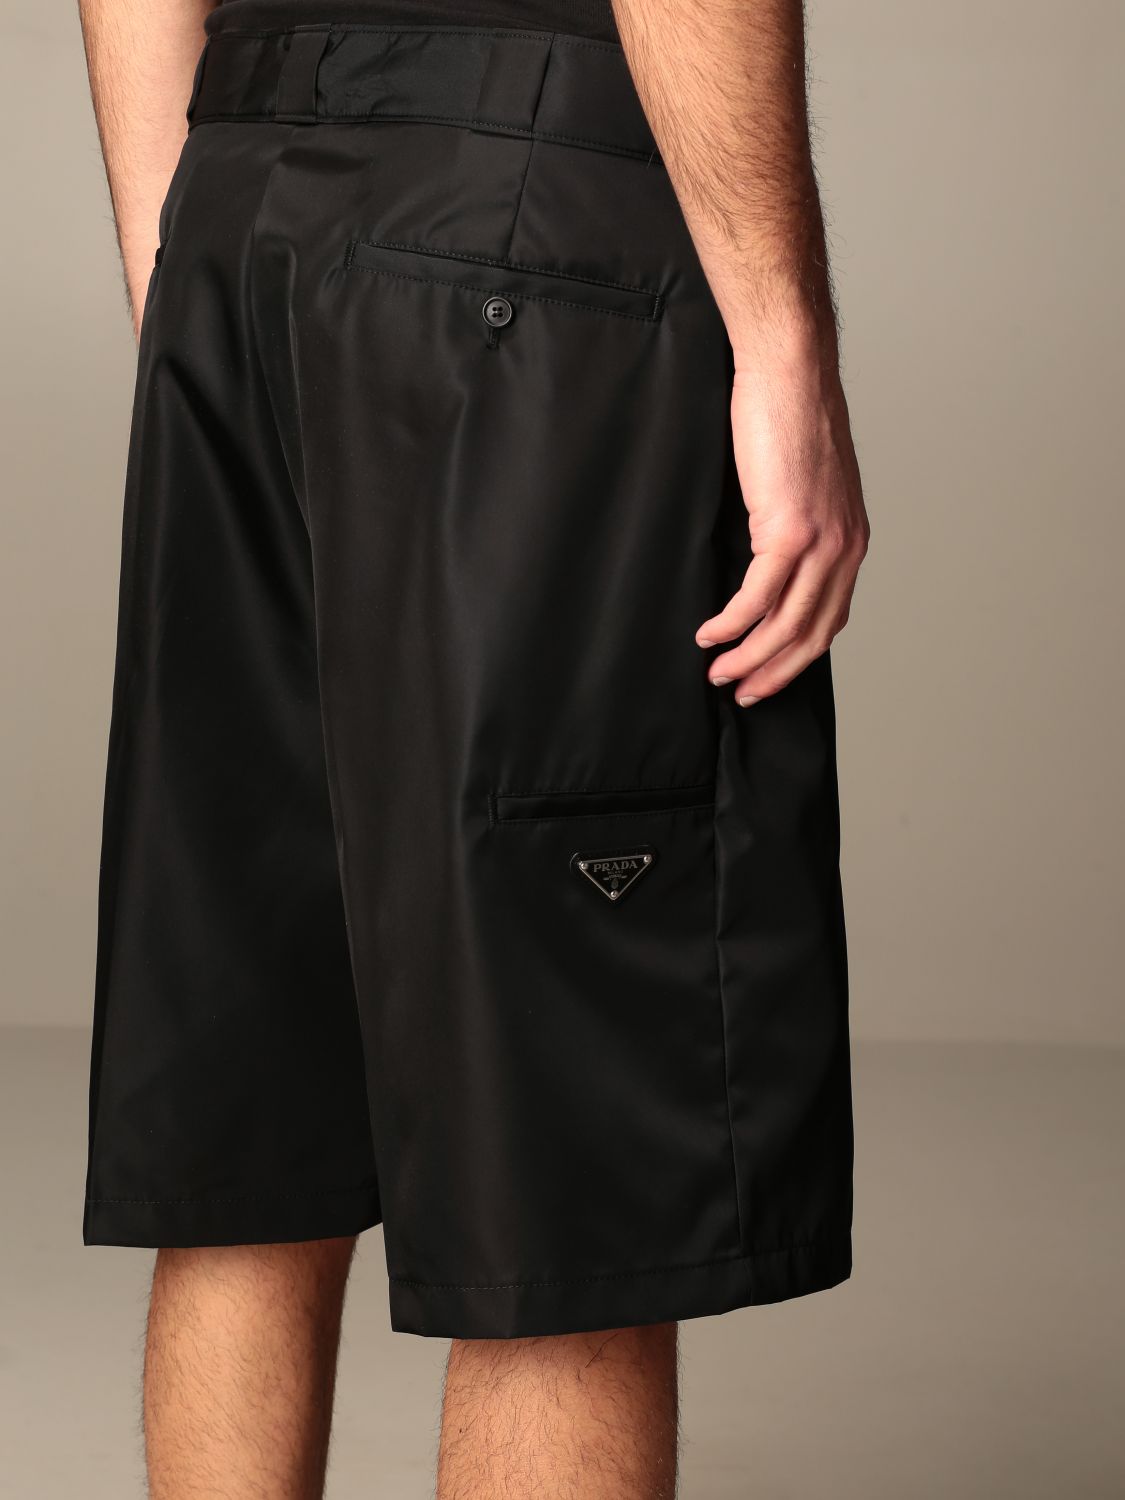 prada shorts for men
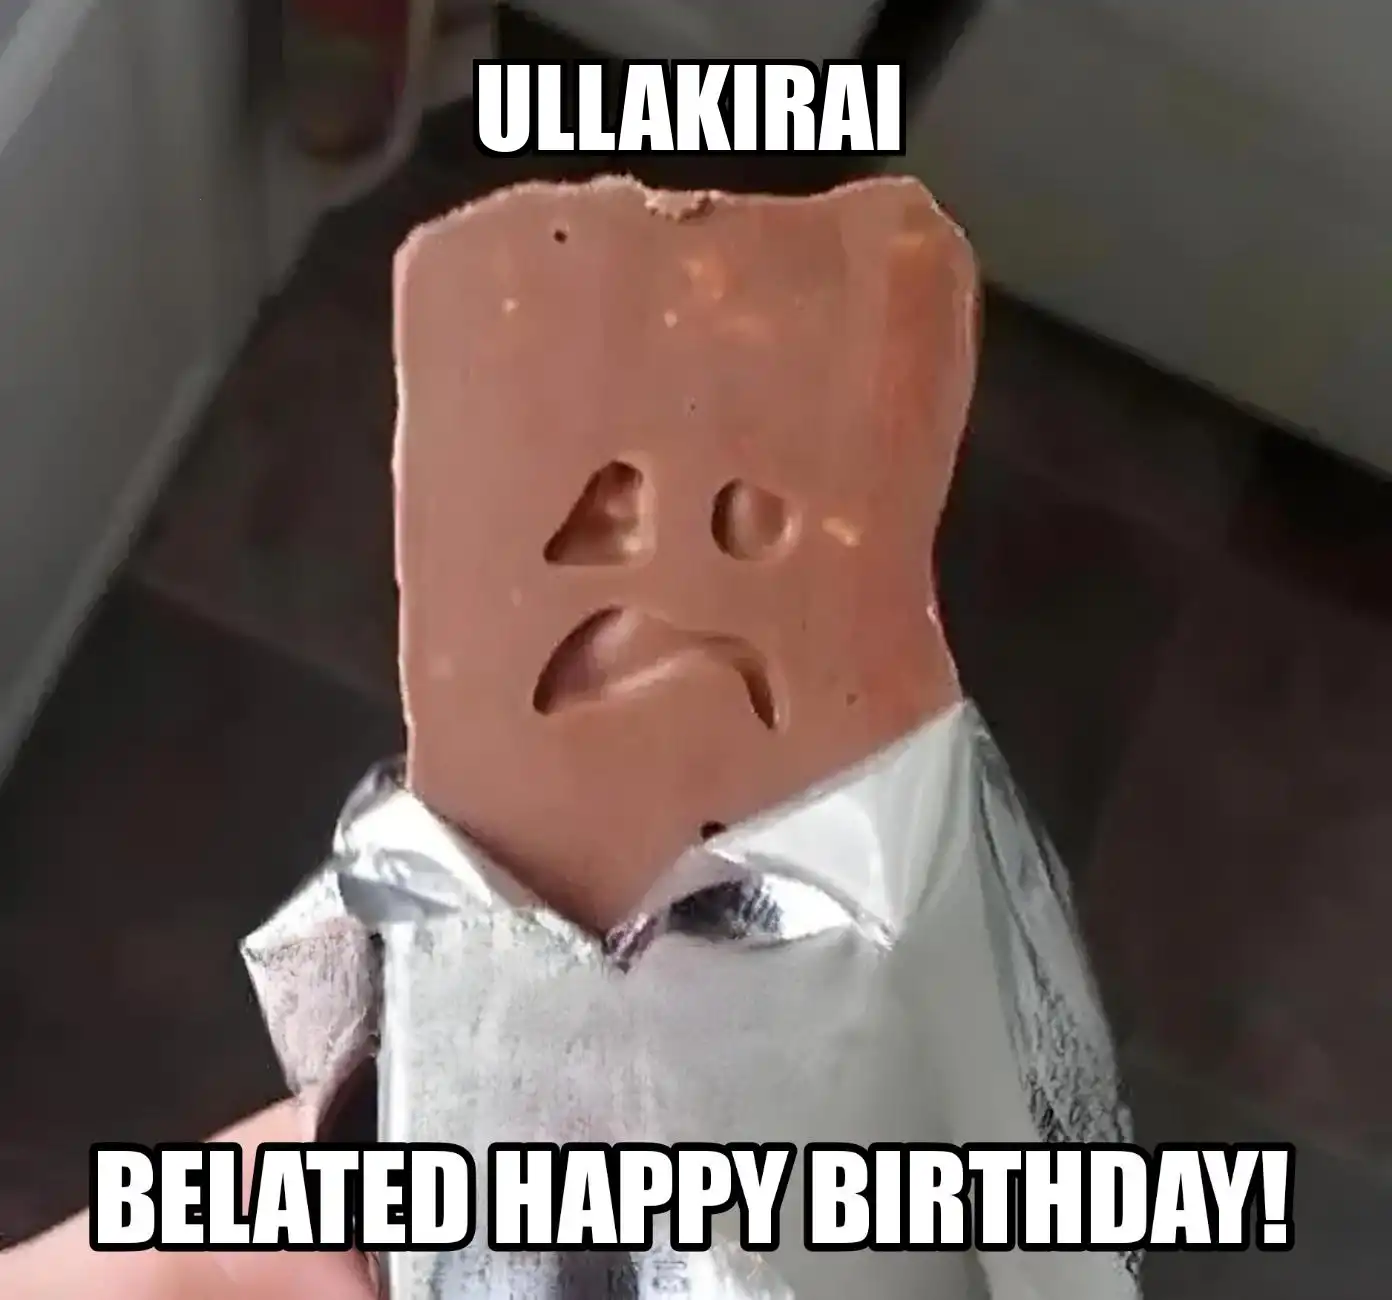 Happy Birthday Ullakirai Belated Happy Birthday Meme
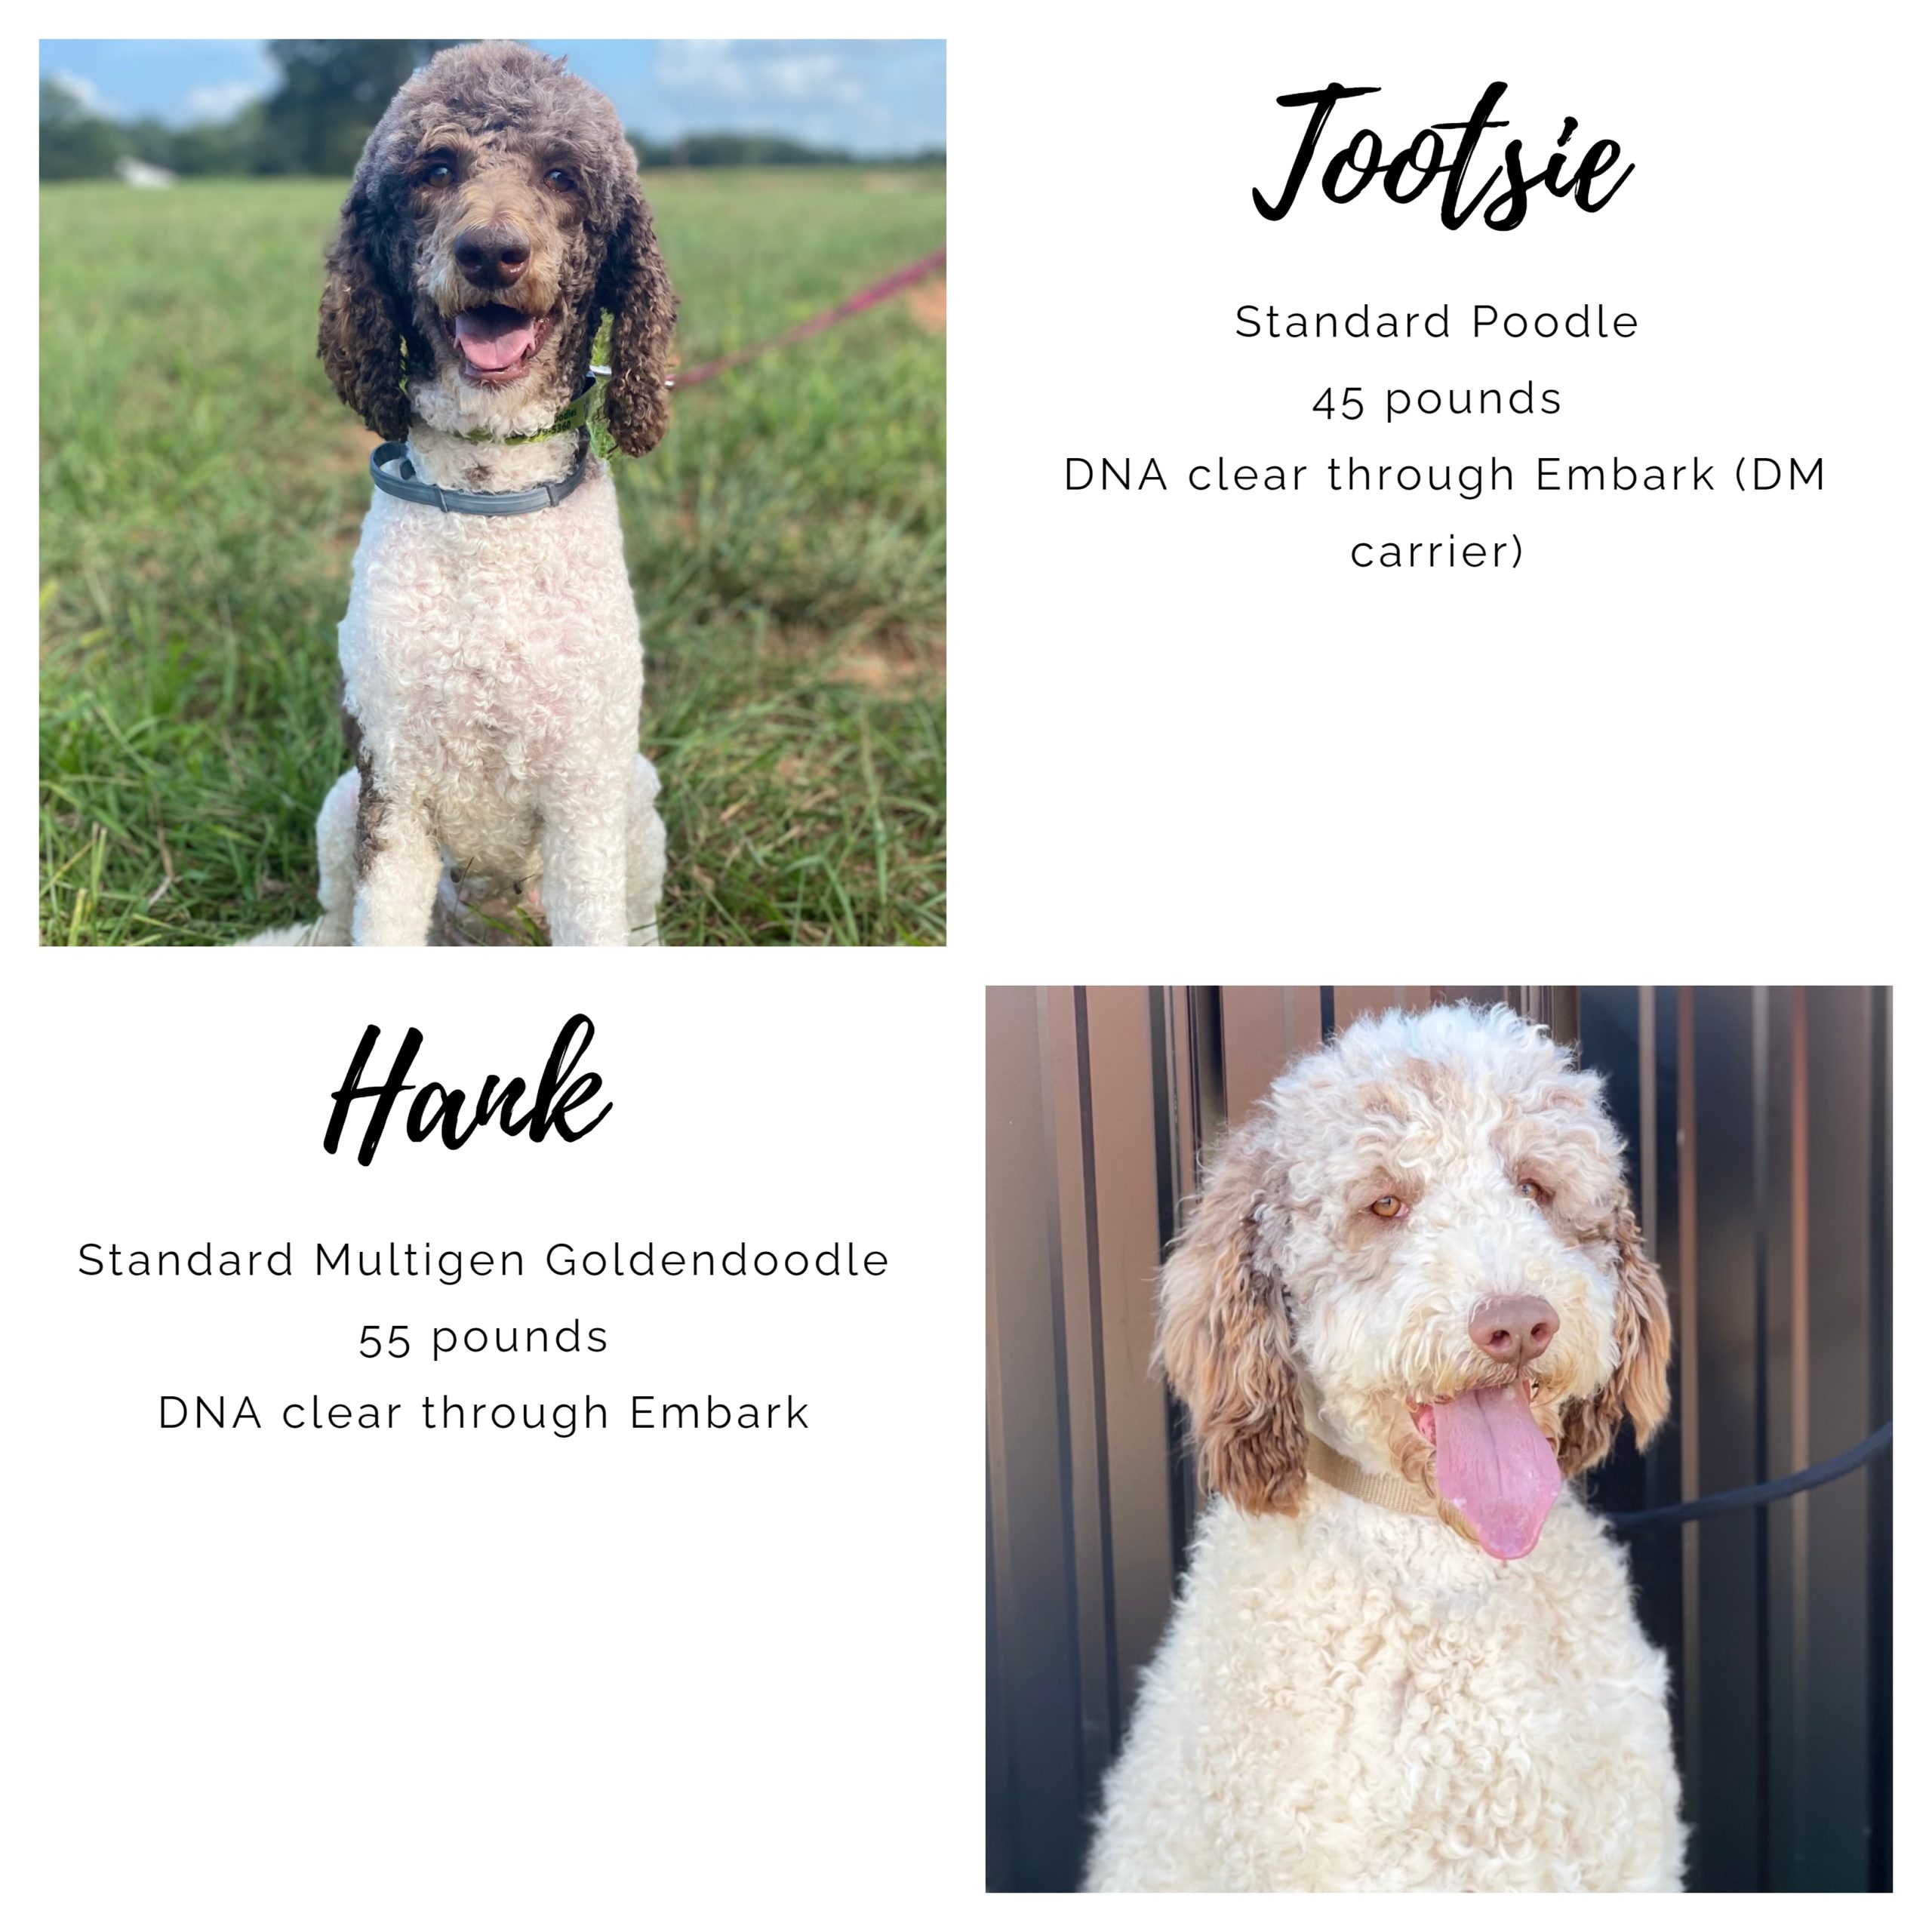 Puppies, Standard Poodle (Tootsie), Standard Multigen Goldendoodle (Hank), ready to adopt

* Task objective: Pictures excluded, quote all the data above exactly.

* Response box:
 prada shorts for men
 Happy Birthday Ullakirai Belated Happy Birthday Meme
 Puppies, Standard Poodle (Tootsie), Standard Multigen Goldendoodle (Hank), ready to adopt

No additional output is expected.